> _Work instructions_
The output should be the listing below, limited to the lines from the one with "Plaid High Waisted" through the one with "VIZIO 24-inch D-Series", exact and without pictures.

------ Dataset ------

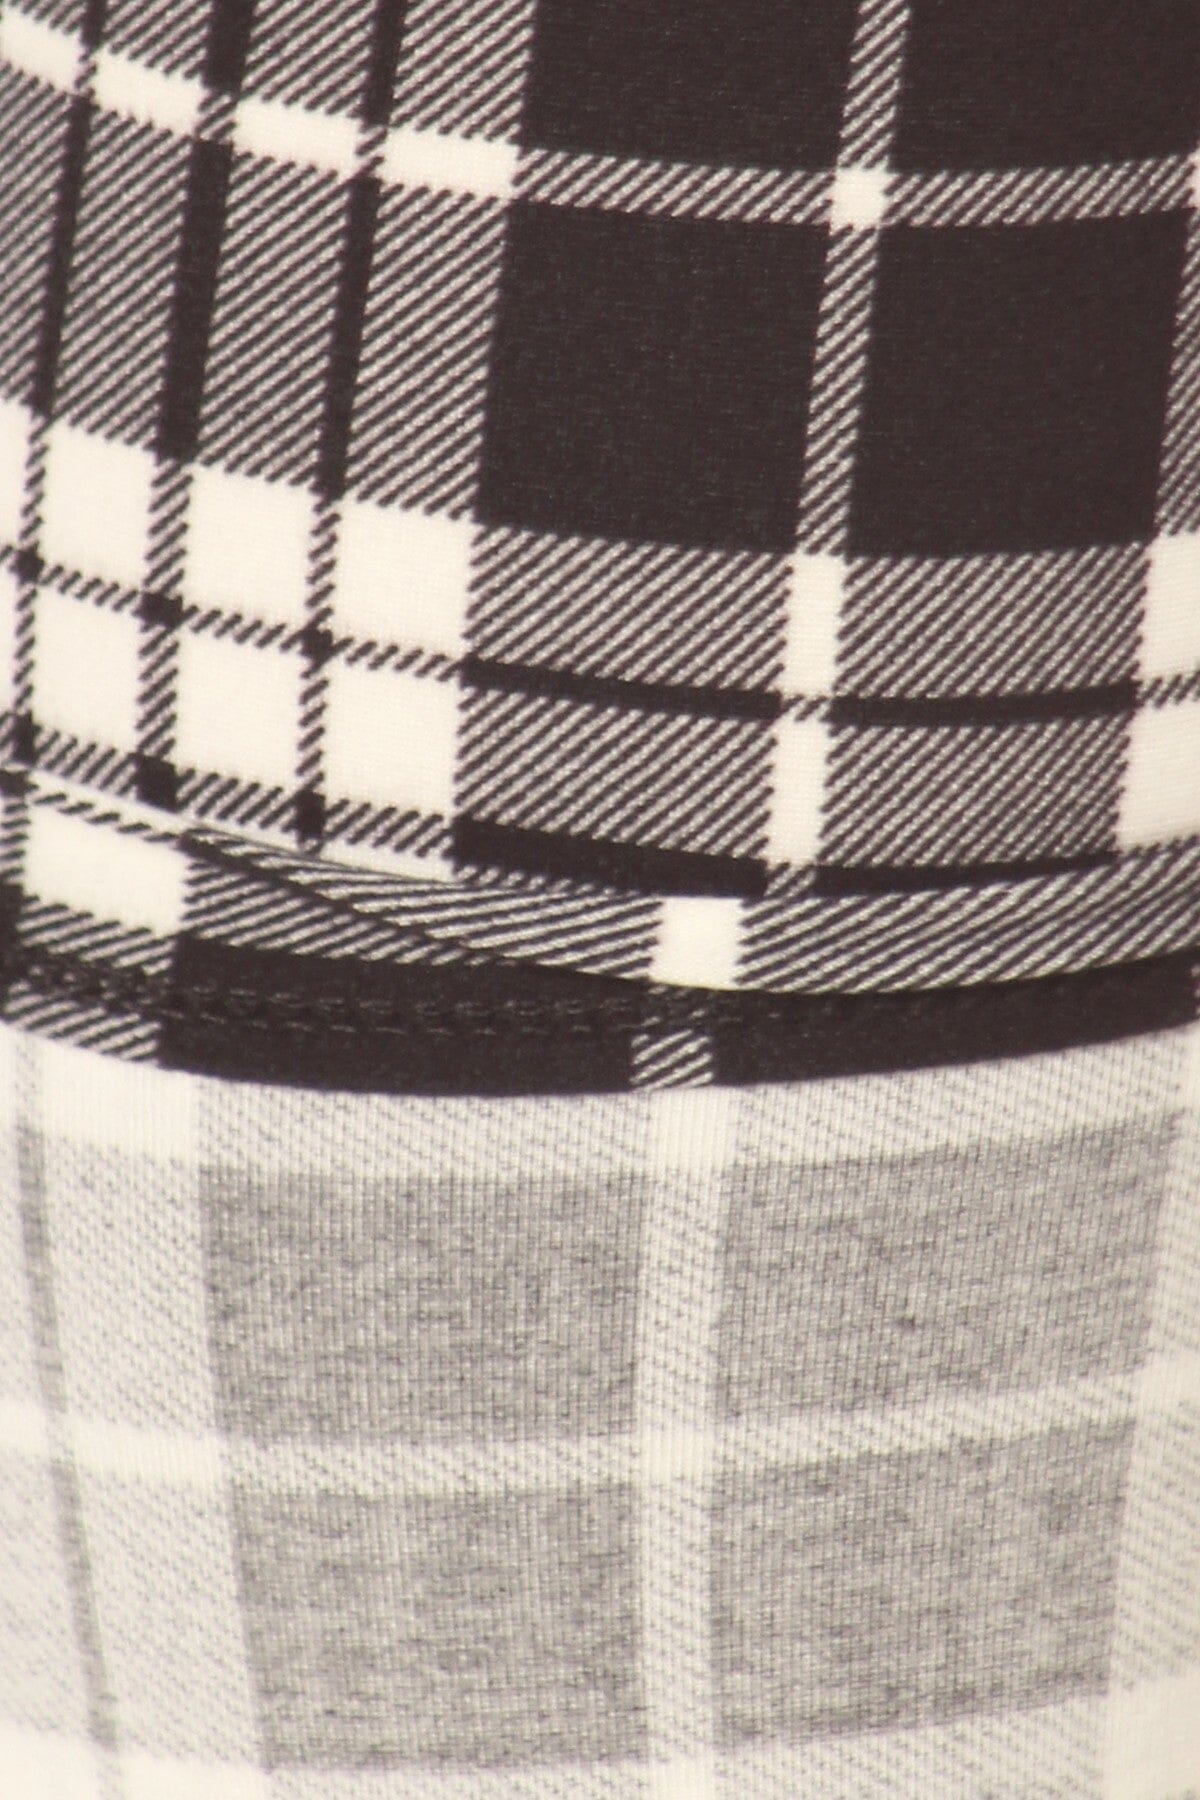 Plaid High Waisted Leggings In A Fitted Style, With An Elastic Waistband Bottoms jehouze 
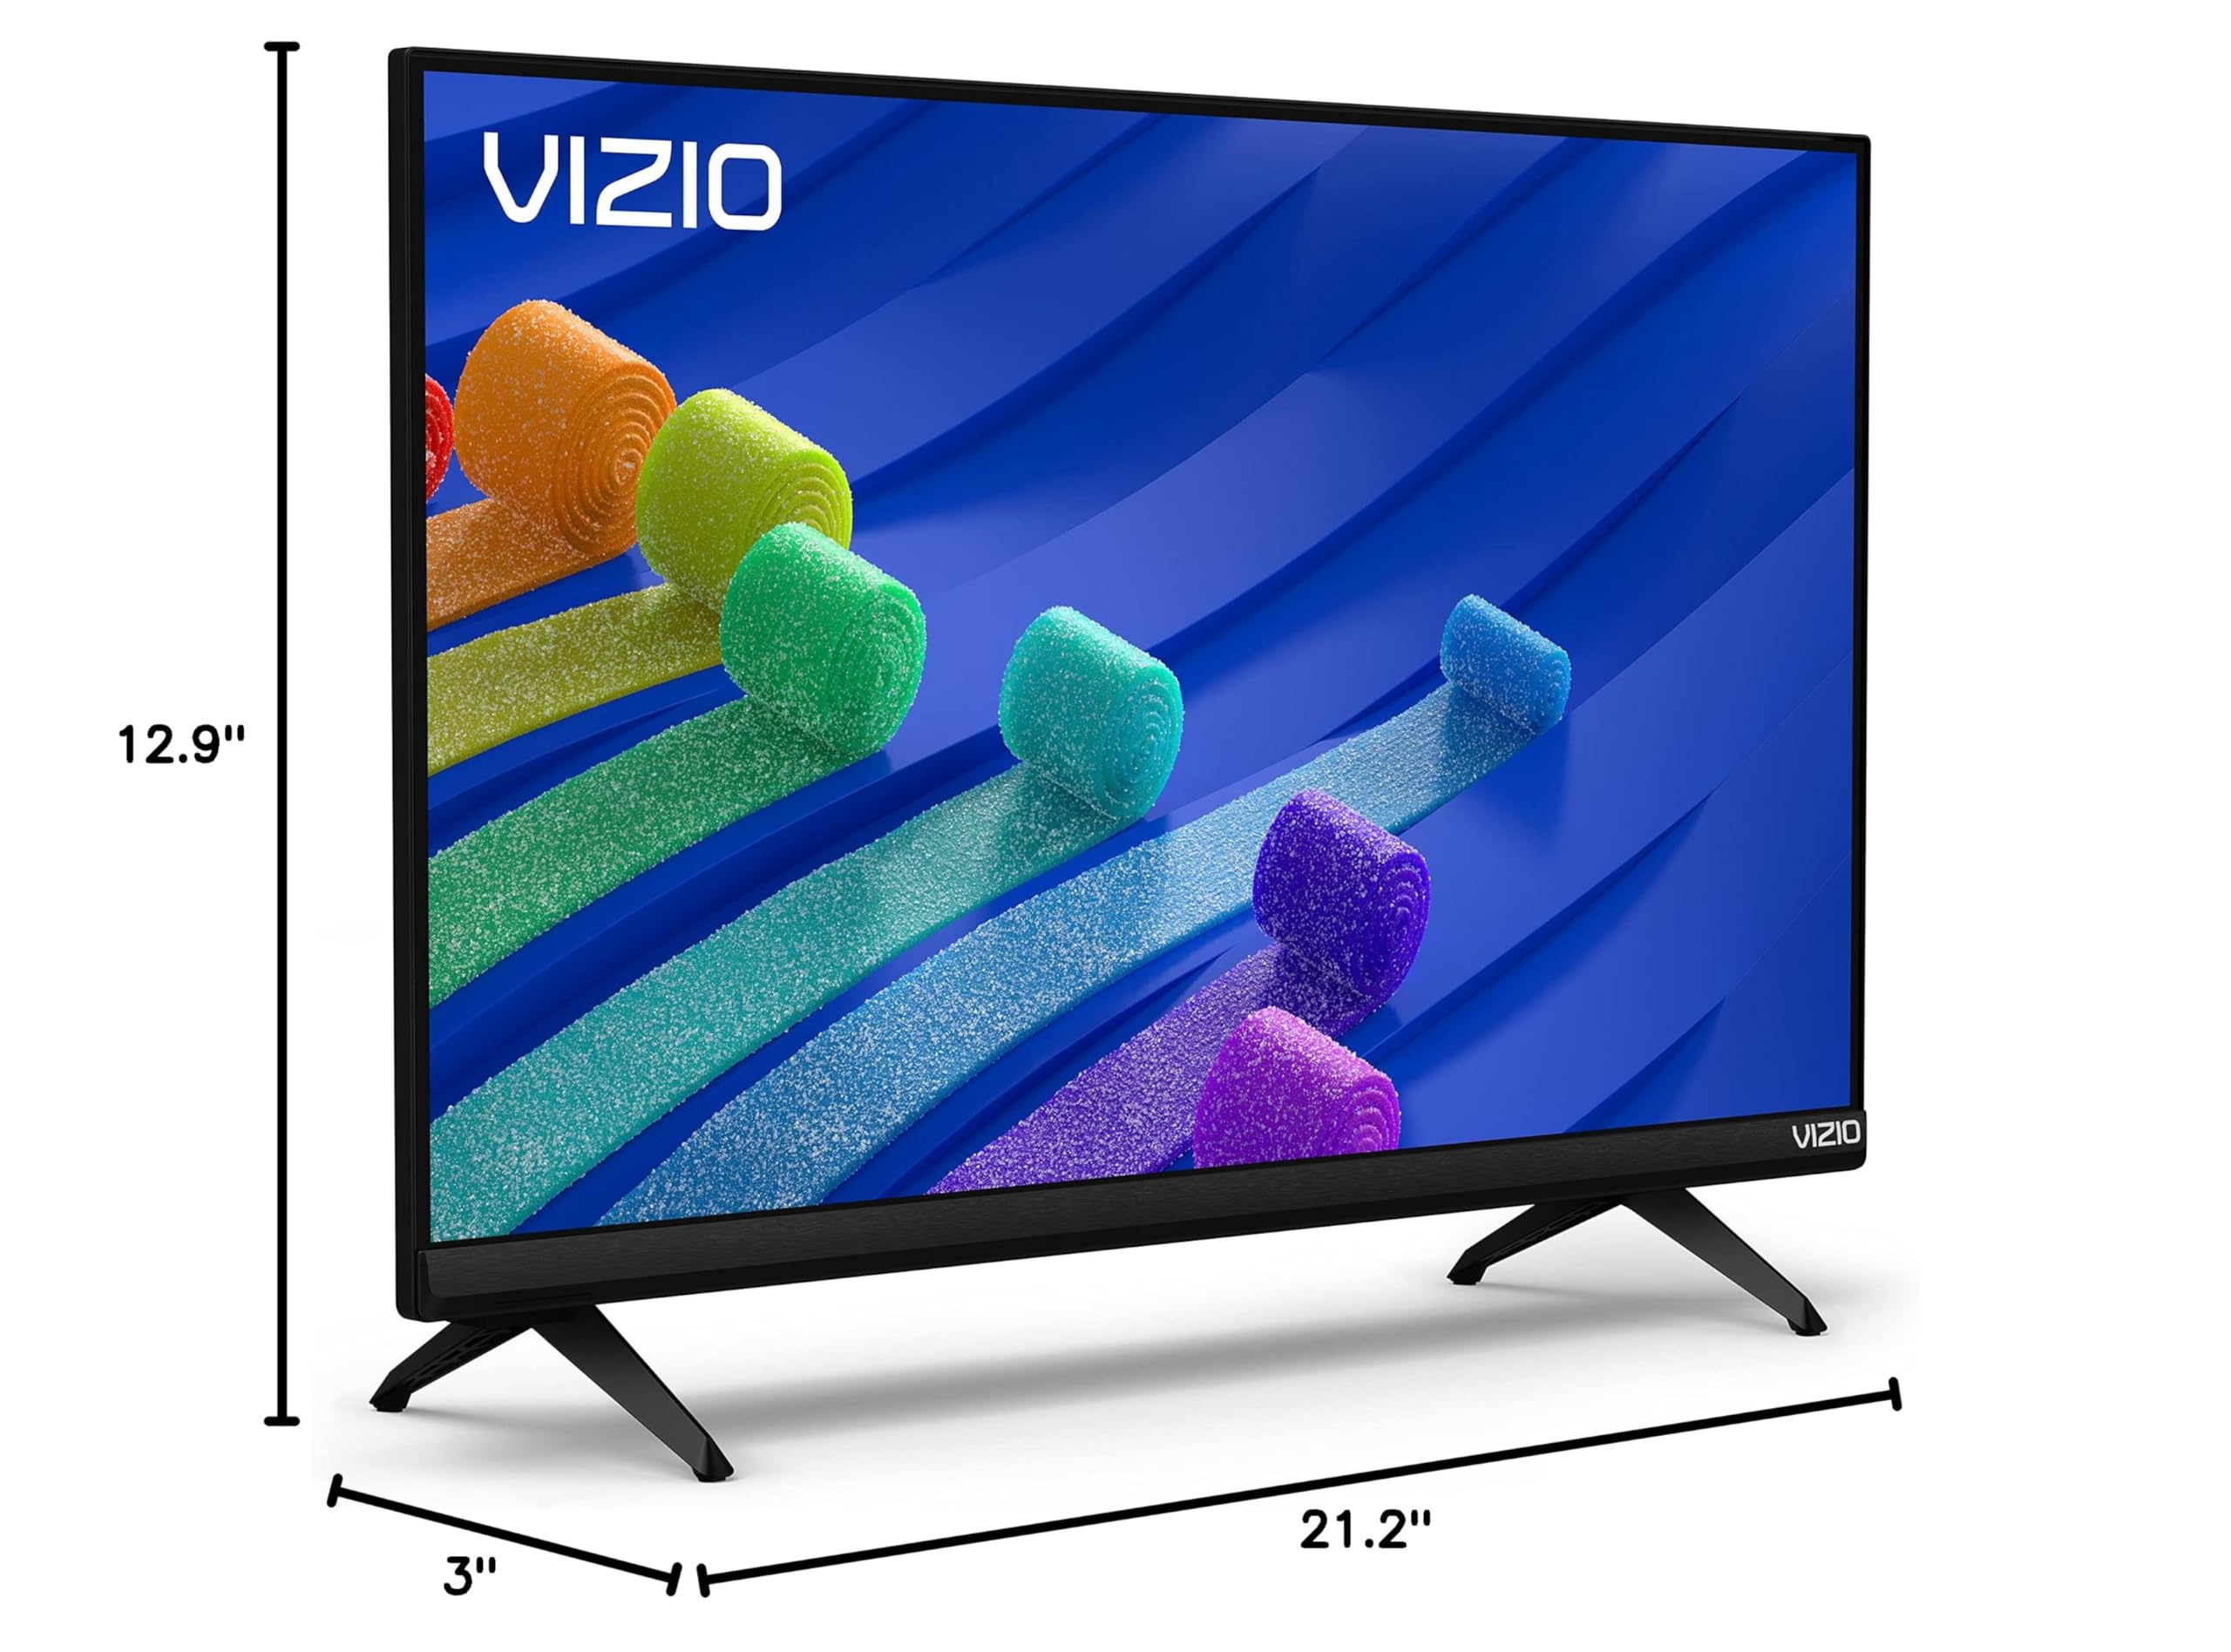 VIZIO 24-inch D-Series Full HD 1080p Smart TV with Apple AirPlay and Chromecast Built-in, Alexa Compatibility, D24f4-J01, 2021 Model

------
------ Dataset ------

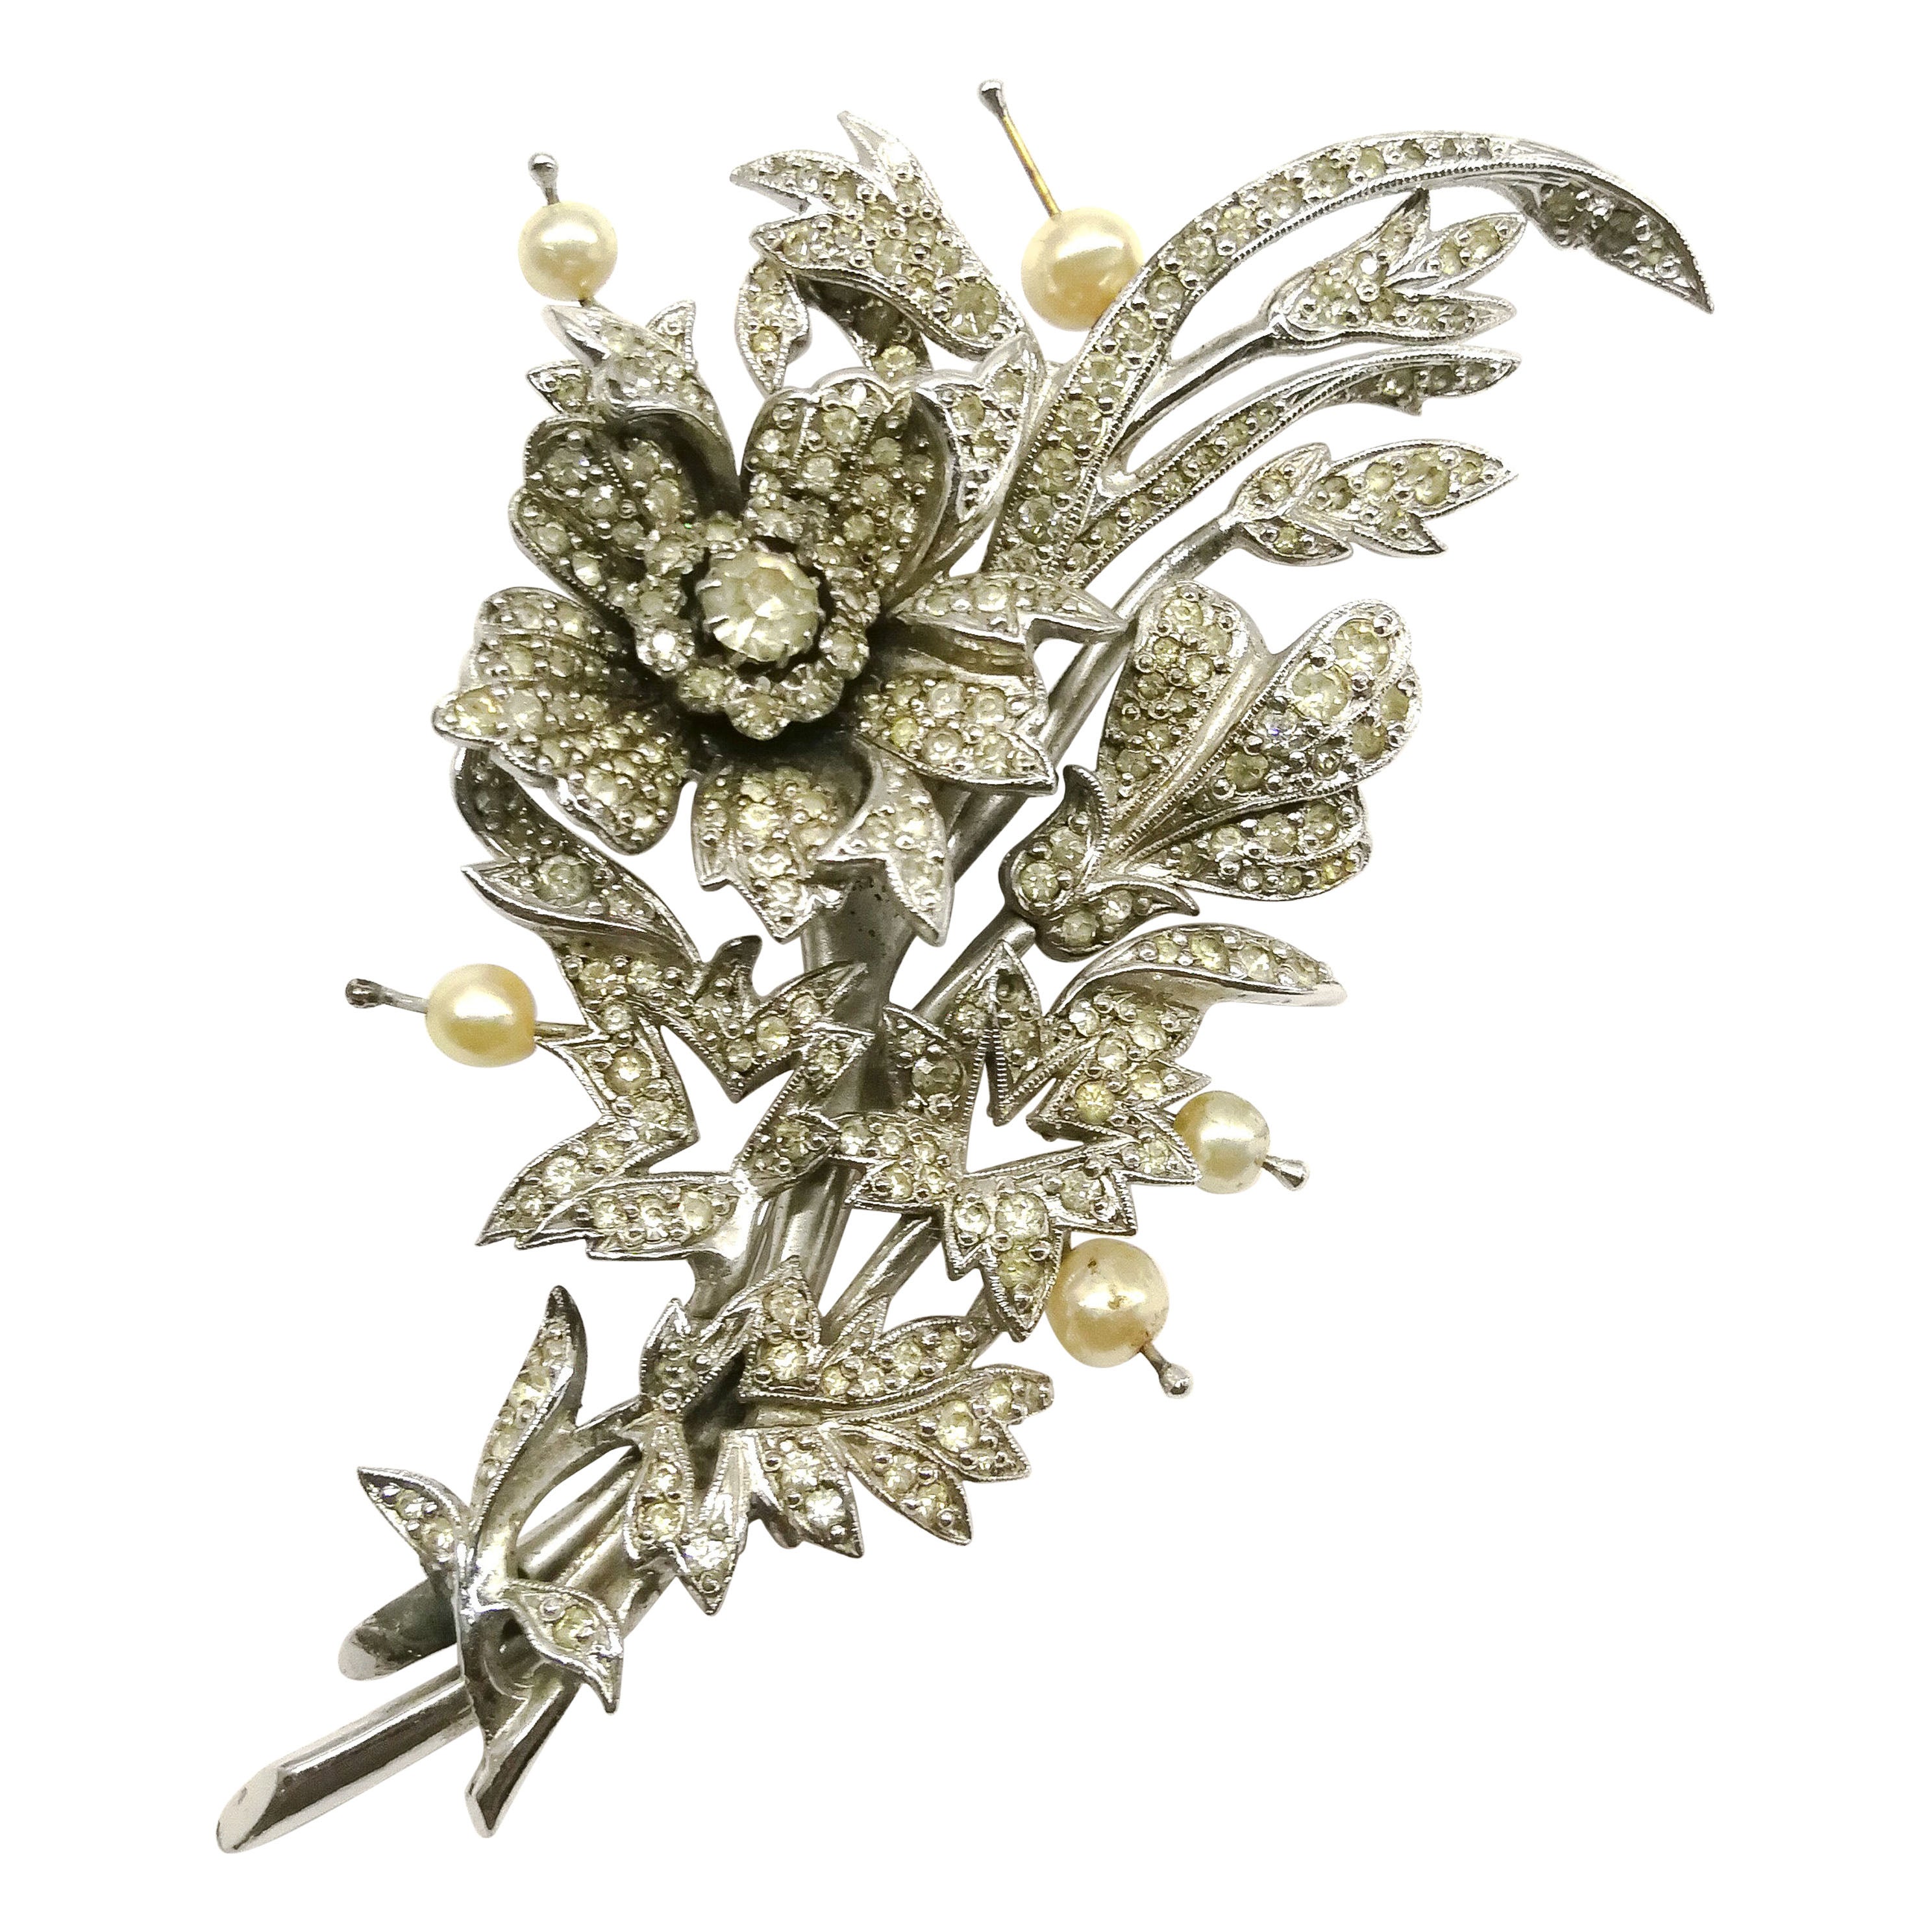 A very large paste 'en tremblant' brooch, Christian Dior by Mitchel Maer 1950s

------

> _Response_
 Plaid High Waisted Leggings In A Fitted Style, With An Elastic Waistband Bottoms jehouze 
 VIZIO 24-inch D-Series Full HD 1080p Smart TV with Apple AirPlay and Chromecast Built-in, Alexa Compatibility, D24f4-J01, 2021 Model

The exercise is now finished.